With the largest daily oil production of any company, Saudi Aramco has for many years been one of the world’s major global oil suppliers. It is vital to Saudi Arabia’s existence, since the oil and gas sector accounted for about 50% of the country’s GDP and 70% of its export income (2018). 

Saudi Aramco has been implementing emission control measures for a number of years. It installed flare-gas recovery systems as long ago as 1980, powers some fields through renewable energy and has developed research programmes looking at reducing the carbon footprint of oil production, growing non-fuel applications for crude oil and advancing sustainable transport. However, the company emphasises the importance of the circular carbon economy, focusing on reducing emissions through energy efficiency technologies and the extensive use of greenhouse gases in EOR and for manufacturing industrial products and feedstocks. It is also actively removing CO2 from the atmosphere through carbon sequestration initiatives, including planting millions of trees to combat desertification and enhance biodiversity.

  • Saudi Aramco is actively removing CO2 from the atmosphere by restoring mangrove habitats in Saudi Arabia’s coastal areas. Source: Shutterstock.

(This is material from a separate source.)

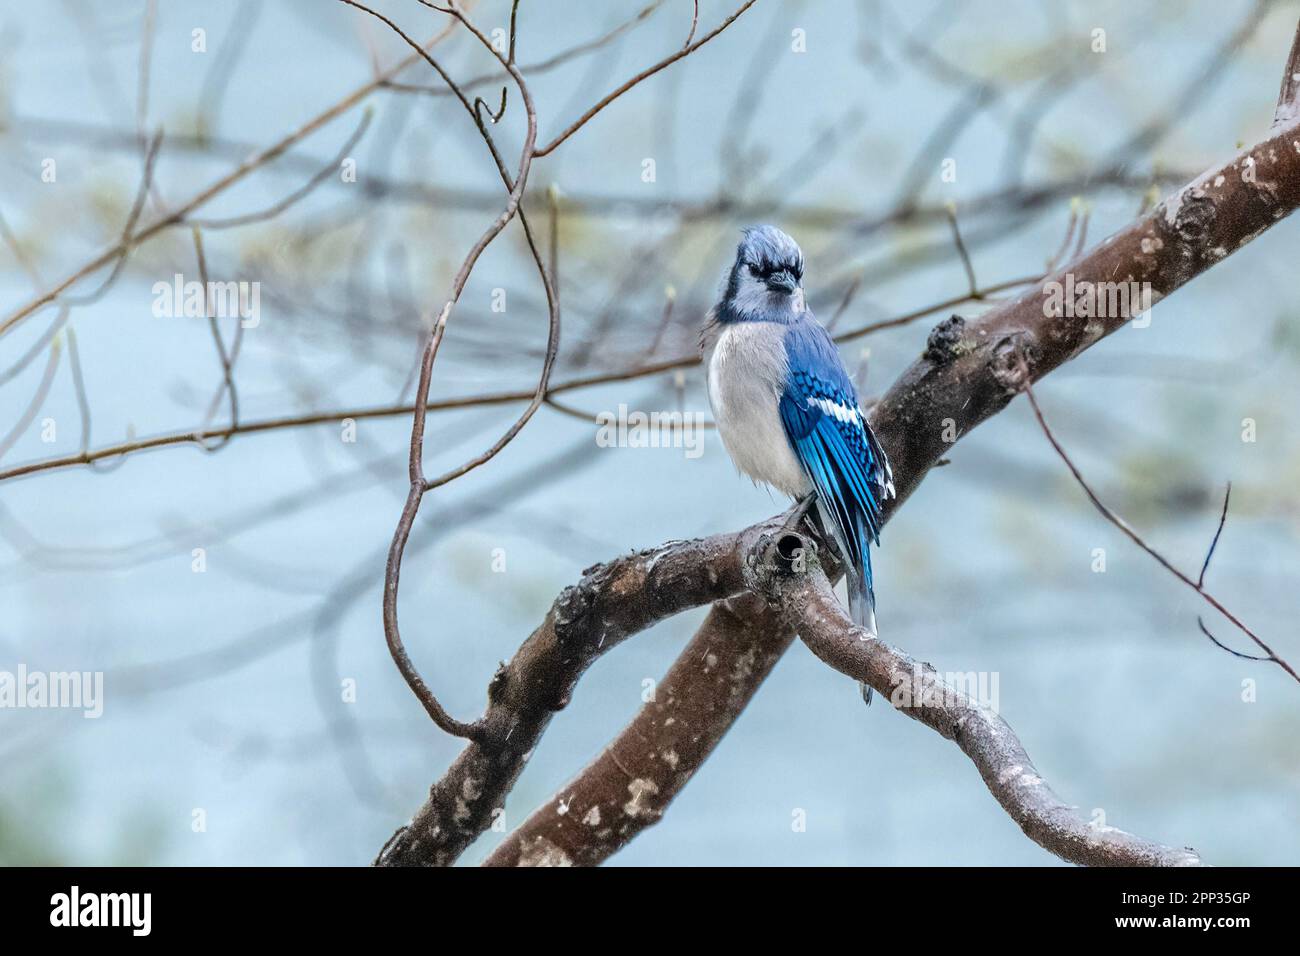 Un Bluebird orientale riposa su un ramo dell'albero tra i voli per raccogliere il materiale di nidificazione per la sua deposizione di uovo imminente. Foto Stock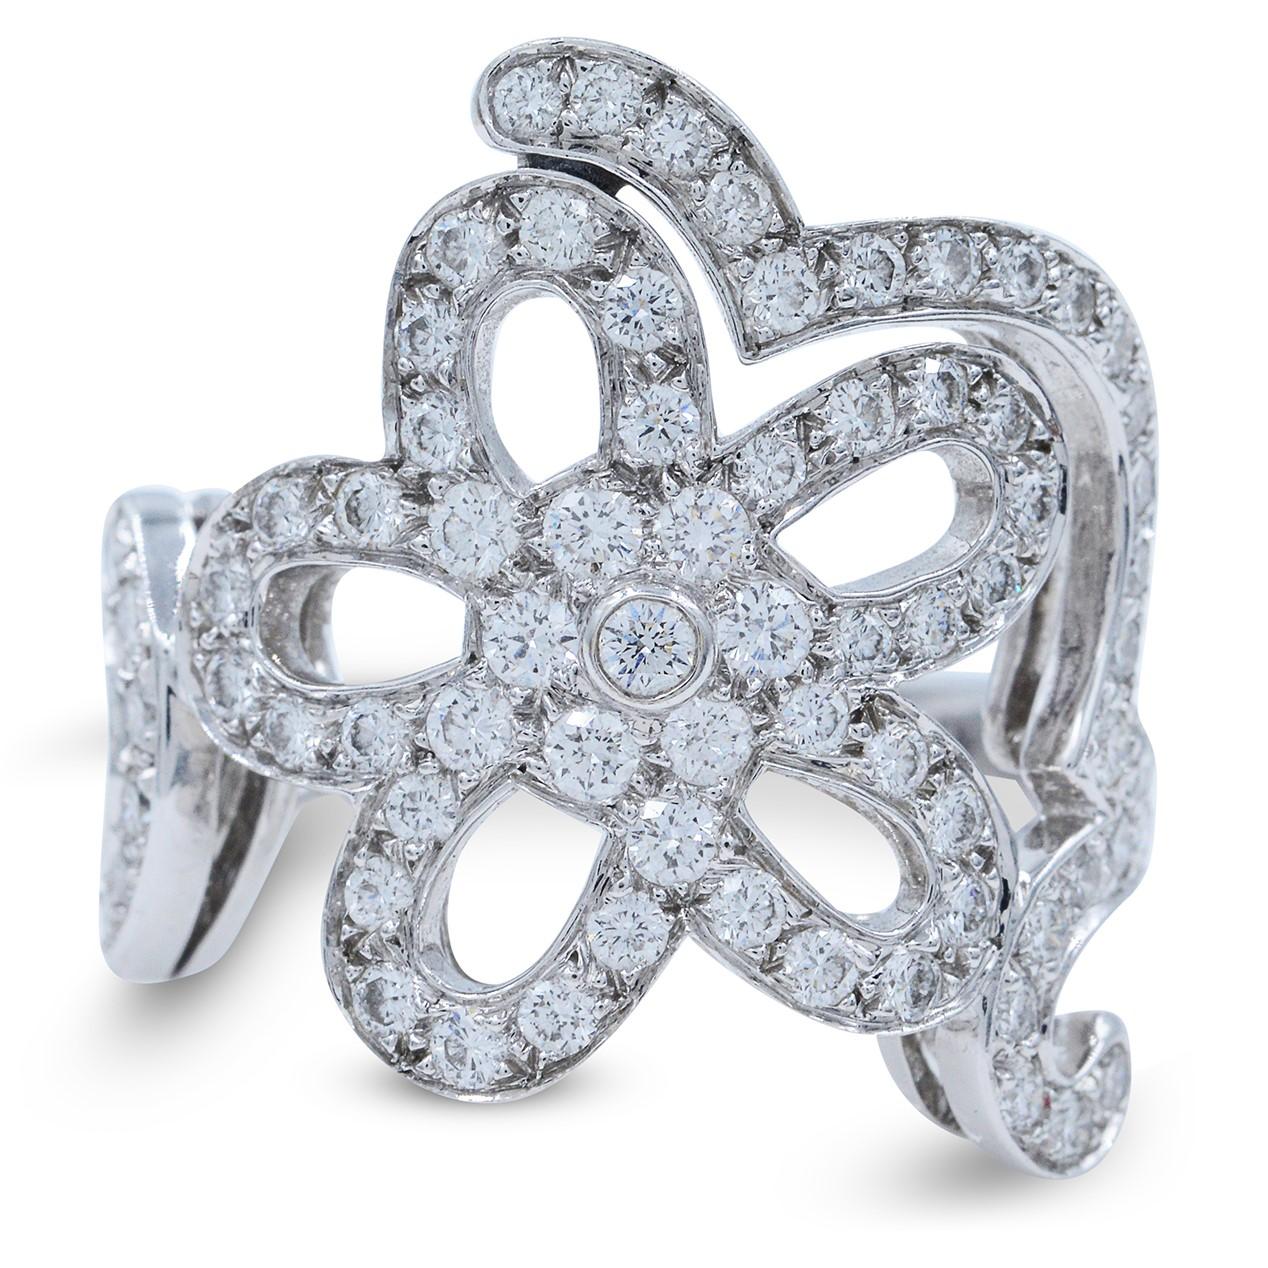 Women's Van Cleef & Arpels 18 Karat White Gold Pave Diamond Floral Ring 1.56 Carat Size

While it has diversified to include non-carbon projects in its portfolio, particularly hydrogen, oil and gas is still “the bedrock of the company”, according to official statements. Saudi Aramco owns some of the world’s most cost-efficient and least energy intensive oil reserves to develop; cheap, plentiful resources mean that the company could continue producing for as long as there is any demand.

Looking to the Future

Despite all these promising statements, however, if NOCs continue with the development and production plans they have announced, over the next decade they will produce more than 300 Bbo – close to the amount the oil industry as a whole should produce if the world is to keep emissions under the limits set in the Paris Accord. So what will drive NOCs towards deeper involvement in the energy transition? Since many governments are heavily reliant on their state oil companies for revenue generation, they are unlikely to start imposing heavy restrictions or ambitious emissions reduction targets on them. Maximising income to fund important social and education programmes is often higher in government’s priorities than reducing carbon emissions. However, pressures to ‘go green’ from investors and from their own populations are expected to increase, particularly in countries where the physical effects of climate change are becoming evident. Importantly, to play an effective role in the energy transition, NOCs need to be financially robust and operationally sound and if possible to have transitioned out of the regulatory roles historically assigned to them.

Maybe NOCs need to be encouraged by their controlling states to imitate IOCs like BP and Shell, and start calling themselves energy rather than oil companies, concentrating on investment in alternative energy sources to help them and their countries move away from an unsustainable dependence on oil. It has to be said that it will be much easier for countries with large reserves to do this than for ones with smaller resources and less well developed energy industries, even if they have abundant alternative resources like wind and solar. If not properly planned, this transition could be very hard. Ultimately, the NOCs need to realise, as the IOCs have done, that this is a business opportunity that could help them look forward to an energy-rich future.